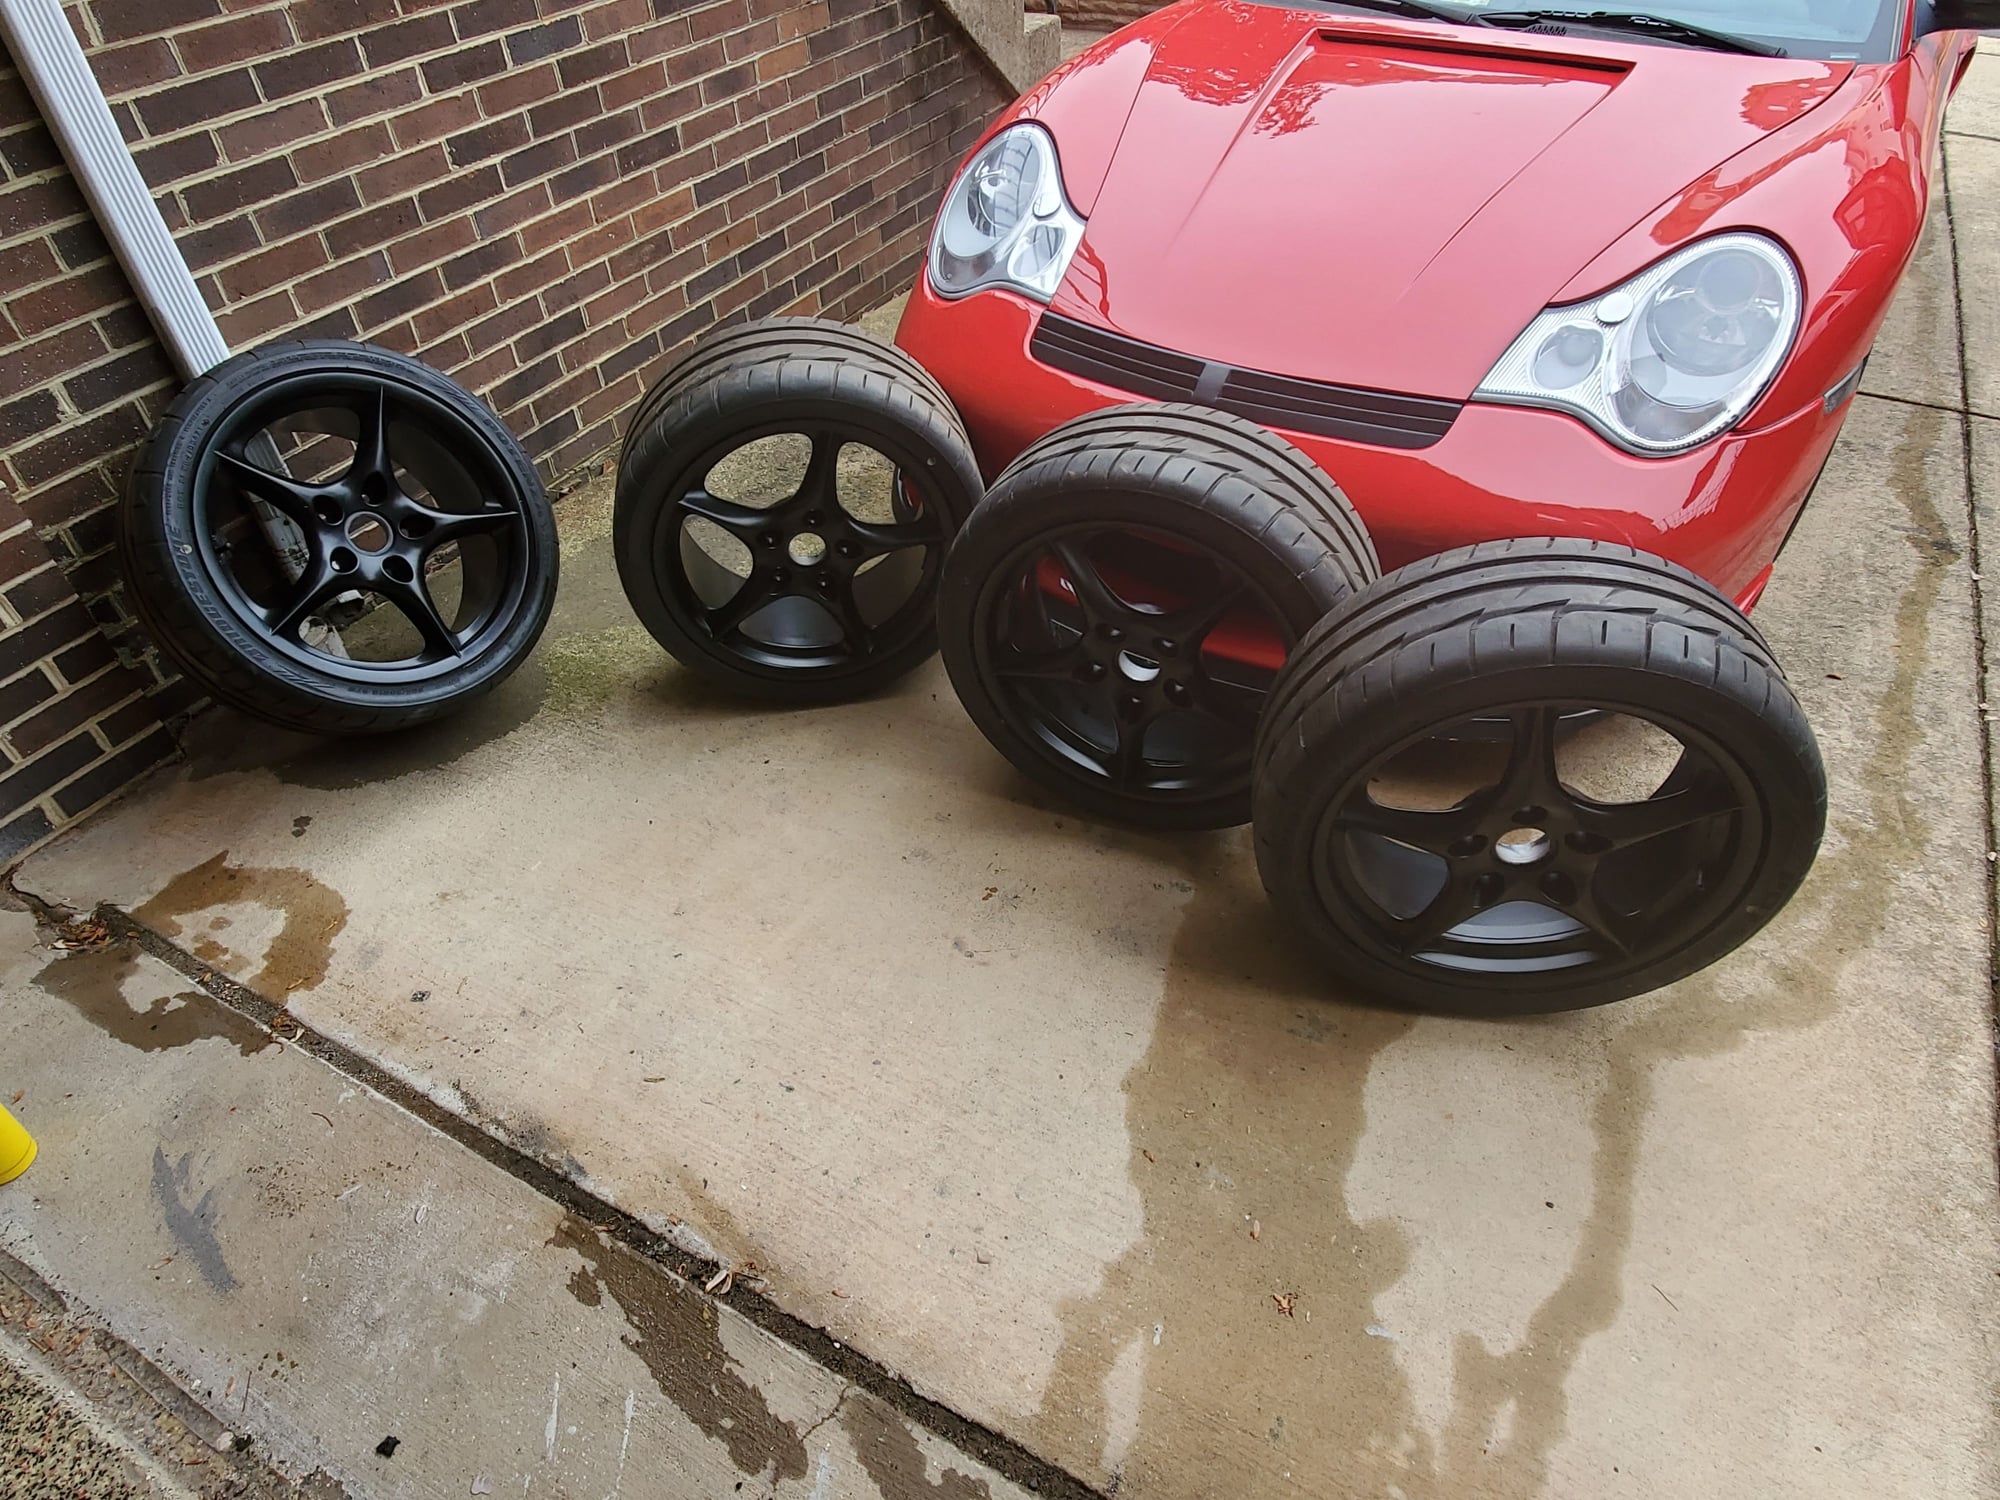 Wheels and Tires/Axles - FS - 996 MY02 lightweight 5 spokes, new Bridgestone Potenza RE11's - New - Potomac Falls, VA 20165, United States
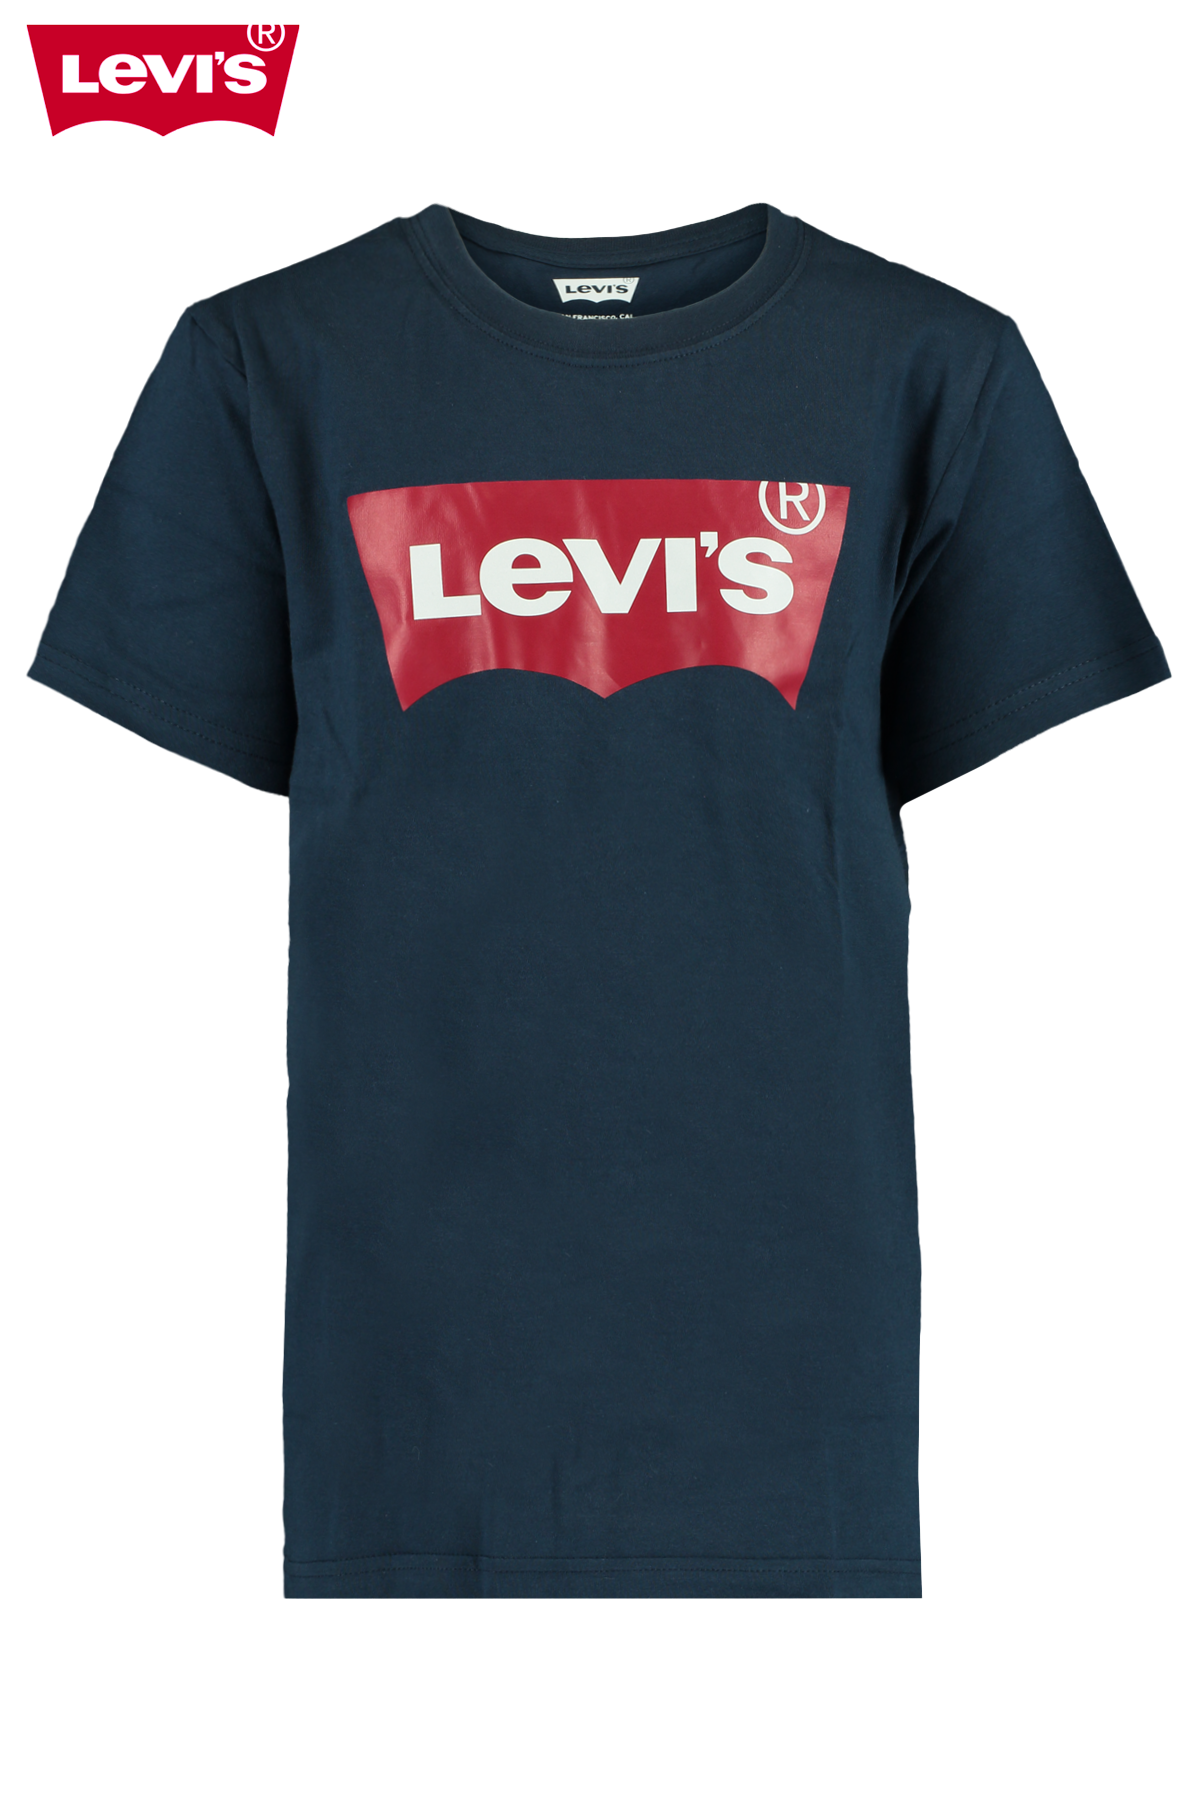 Aanbod kogel Hoopvol Jongens Levi's t-shirt Batwing Tee Navy | America Today
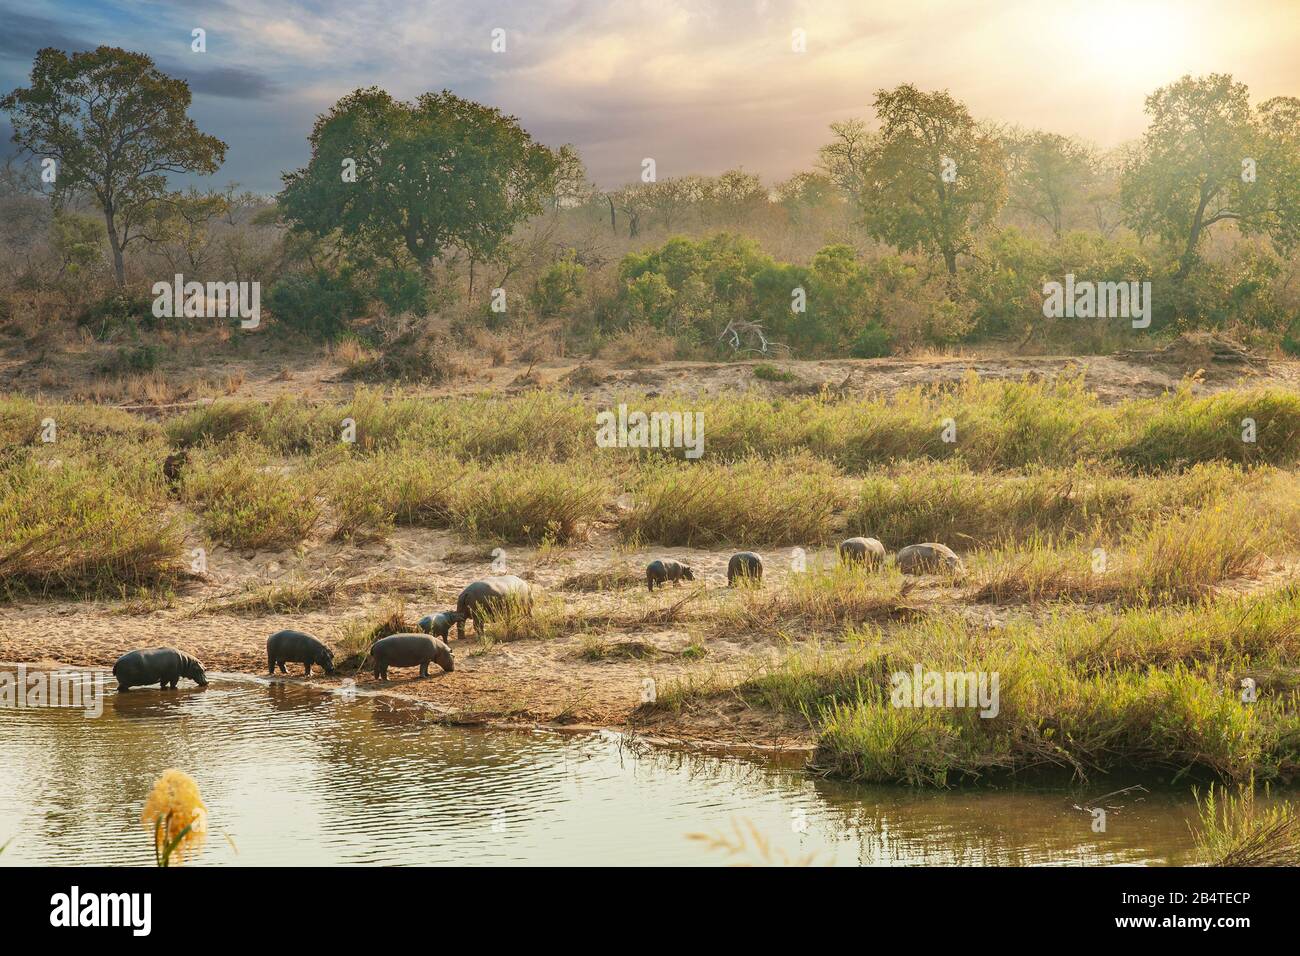 Mandria di ippopotami nel fiume sabie, Sud Africa Foto Stock
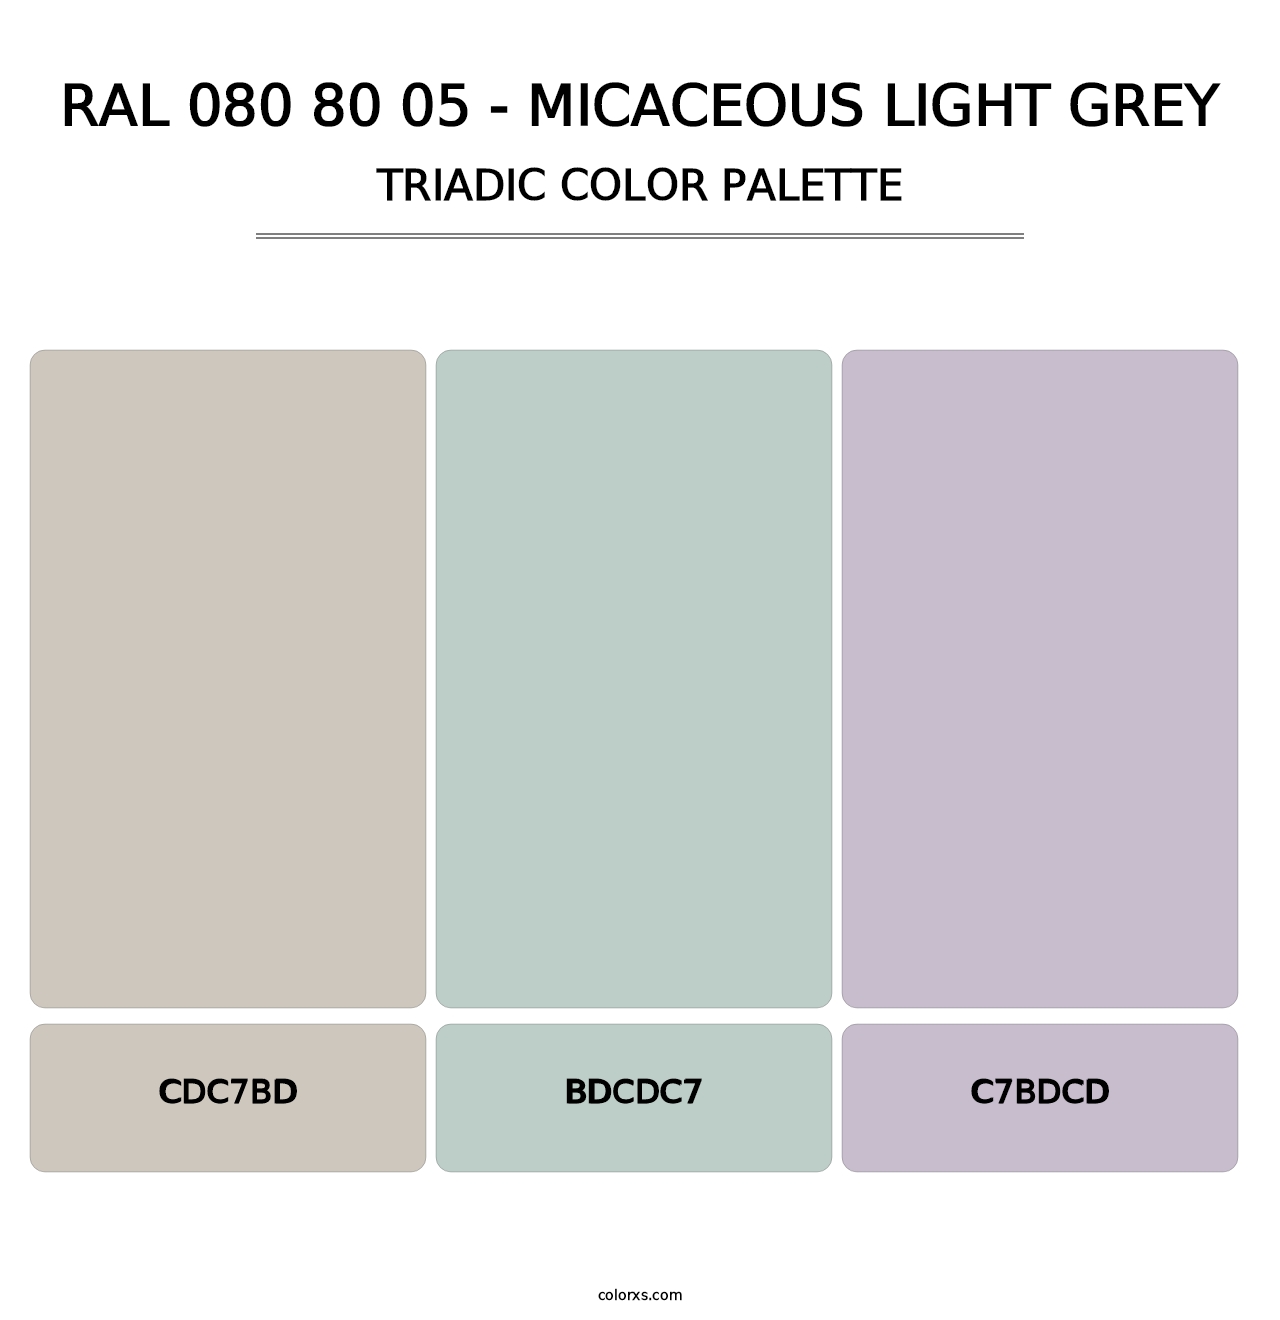 RAL 080 80 05 - Micaceous Light Grey - Triadic Color Palette

# [Directions for this task]
Return the lines of the data above in full and exactly, with no pictures.

# [Response box]
 Wheels and Tires/Axles - FS - 996 MY02 lightweight 5 spokes, new Bridgestone Potenza RE11's - New - Potomac Falls, VA 20165, United States
 Aanbod kogel Hoopvol Jongens Levi's t-shirt Batwing Tee Navy | America Today
 Mandria di ippopotami nel fiume sabie, Sud Africa Foto Stock
 RAL 080 80 05 - Micaceous Light Grey - Triadic Color Palette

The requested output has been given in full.